The SEC Closes Investigation into Faraday Future: Key Insights
The Securities and Exchange Commission (SEC) has officially closed its investigation into electric vehicle startup Faraday Future, despite its staff previously recommending an enforcement action last year, according to sources disclosed to TechCrunch. This decision has raised eyebrows in light of a broader trend; the SEC has notably reduced its enforcement actions, initiating only four cases against publicly-traded companies in its 2025 fiscal year.
Background of the Investigation
The lengthy investigation, which spanned nearly four years, scrutinized whether Faraday Future made “false and misleading statements” during its public offering in 2021, specifically through a merger with a special purpose acquisition company (SPAC). Furthermore, claims by at least three whistleblowers alleged that the startup misrepresented the sales of its first electric vehicles in 2023.
The SEC’s actions included issuing multiple subpoenas and taking depositions from several former executives and employees throughout 2024 and 2025, as per insider information. By July 2025, it was revealed that letters known as “Wells Notices” were sent to Faraday Future and its executives, including founder Jia Yueting. These notices typically indicate the SEC’s intent to recommend disciplinary action.
Company Response and Future Plans
While it’s currently unclear if Faraday Future responded to the Wells Notices issued last year, the company expressed its intention to engage with the SEC to clarify why such an enforcement action would be unwarranted. A spokesperson for the company indicated that more detailed information regarding the situation would be available soon.
Faraday Future has also faced scrutiny from the Department of Justice (DOJ), which sought additional information following the onset of the SEC investigation in 2022. However, the DOJ has not confirmed the existence of a full probe.
A Closer Look at Faraday Future’s Trajectory
Founded in California in 2014 by Jia Yueting, Faraday Future aimed to challenge established players like Tesla in the electric vehicle market. Initially, the company captivated audiences with ambitious plans and high-profile hires from automotive and tech giants. However, it experienced significant challenges, including workforce reductions and financial instability by 2017.
Despite a short-lived partnership with Chinese real estate giant Evergrande, funding troubles persisted, resulting in further layoffs.

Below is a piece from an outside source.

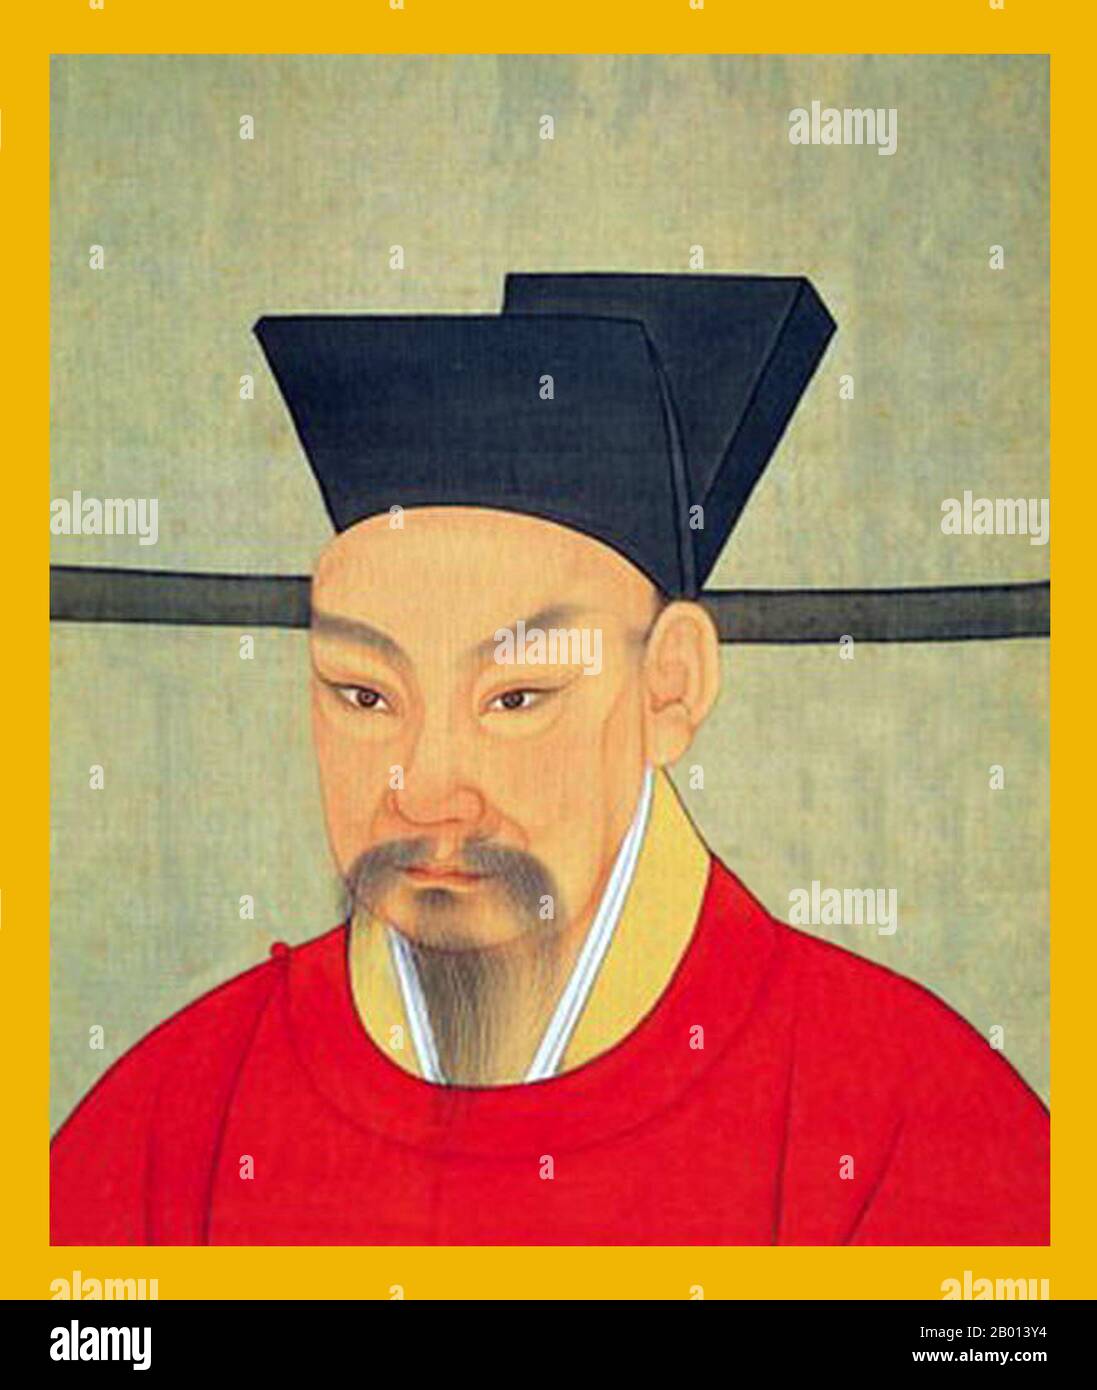 Chine : Empereur Lizong (26 janvier 1205 - 16 novembre 1264), 14e souverain de la dynastie Song et 5e souverain de la chanson du Sud (r. 1224-1264). Peinture de défilement suspendue, c. 1224-1264. L'empereur Lizong, nom personnel Zhao Yun et connu à l'origine sous le nom de Zhao Yuju et Zhao Guicheng, était le cinquième empereur du chant du Sud. Le long règne de Lizong de quarante ans n'a pas fait grand chose pour améliorer la situation difficile de Song China était à l'époque. Lizong ne s'intéressait pas aux affaires gouvernementales, déléguant les affaires entre les mains de ses ministres alors qu'il pourcharait aux plaisirs frivoles, alors même que les Mongols approchaient. Banque D'Images

In 2019, Jia nominally stepped aside as CEO but remained heavily involved in daily operations. Concerns about his control resurfaced when the company went public in 2021, leading to an internal investigation that revealed questionable financial practices, including loans from closely affiliated individuals.
Continuing Challenges and Adjustments
Faraday Future finally delivered a limited number of FF91 SUVs in early 2023, but allegations from former employees have suggested that those sales may not have been legitimate. Despite battling through these hurdles, the company has begun diversifying its offerings, including importing hybrid and electric vans from China and pivoting a biotechnology firm to focus on cryptocurrency.

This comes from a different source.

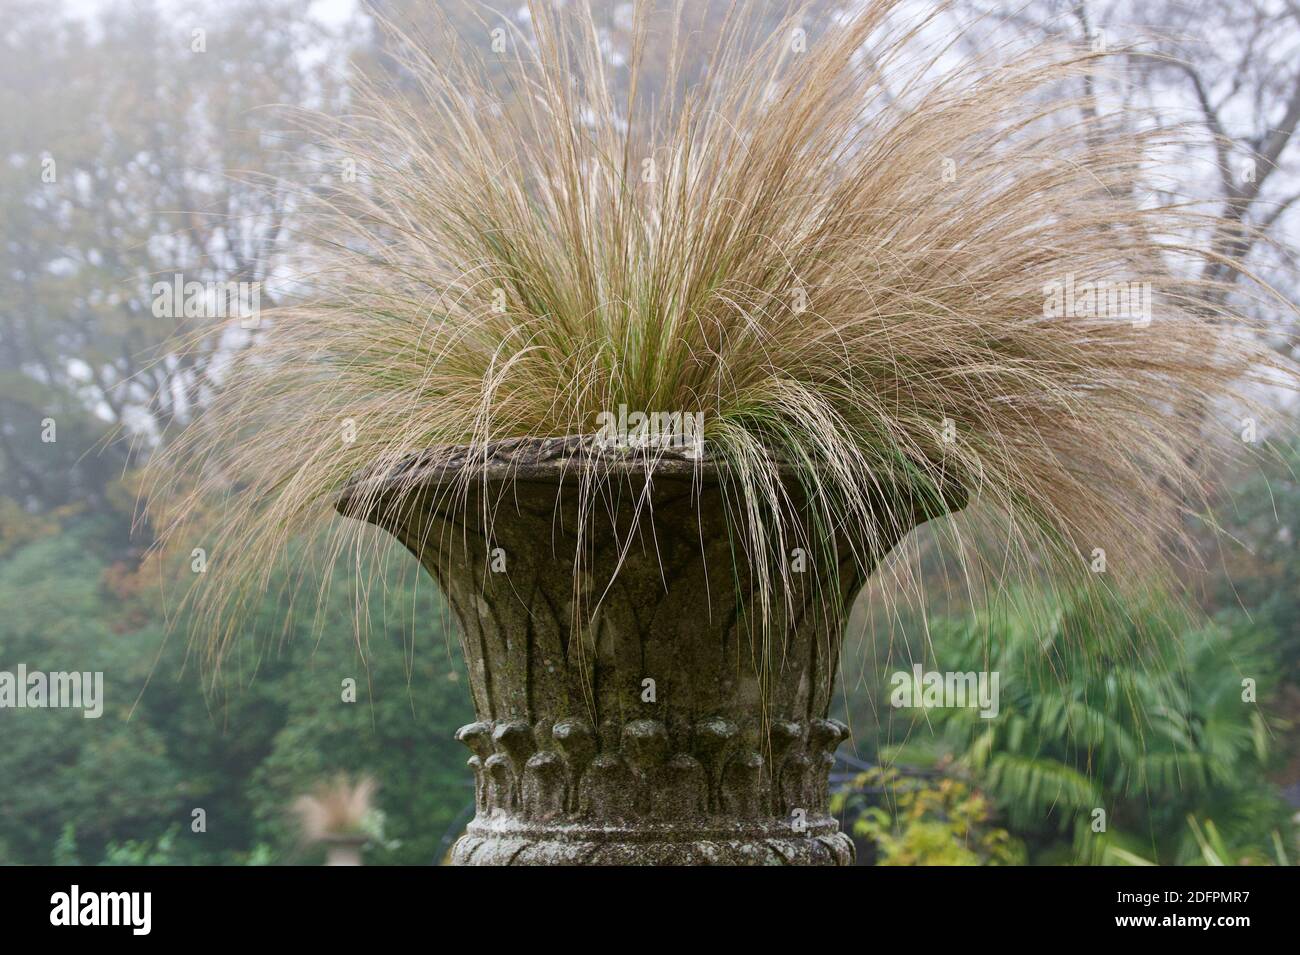 Urn of ornamental grasses in garden setting on misty winter's morning Stock Photo

However, Faraday Future continues to face significant challenges, as evidenced by a recent warning from Nasdaq regarding stock price compliance, which could potentially lead to delisting.
In conclusion, Faraday Future’s journey has been fraught with challenges, yet the closure of the SEC investigation marks a new chapter. It remains to be seen how the company will navigate its next steps amidst ongoing scrutiny and market pressures.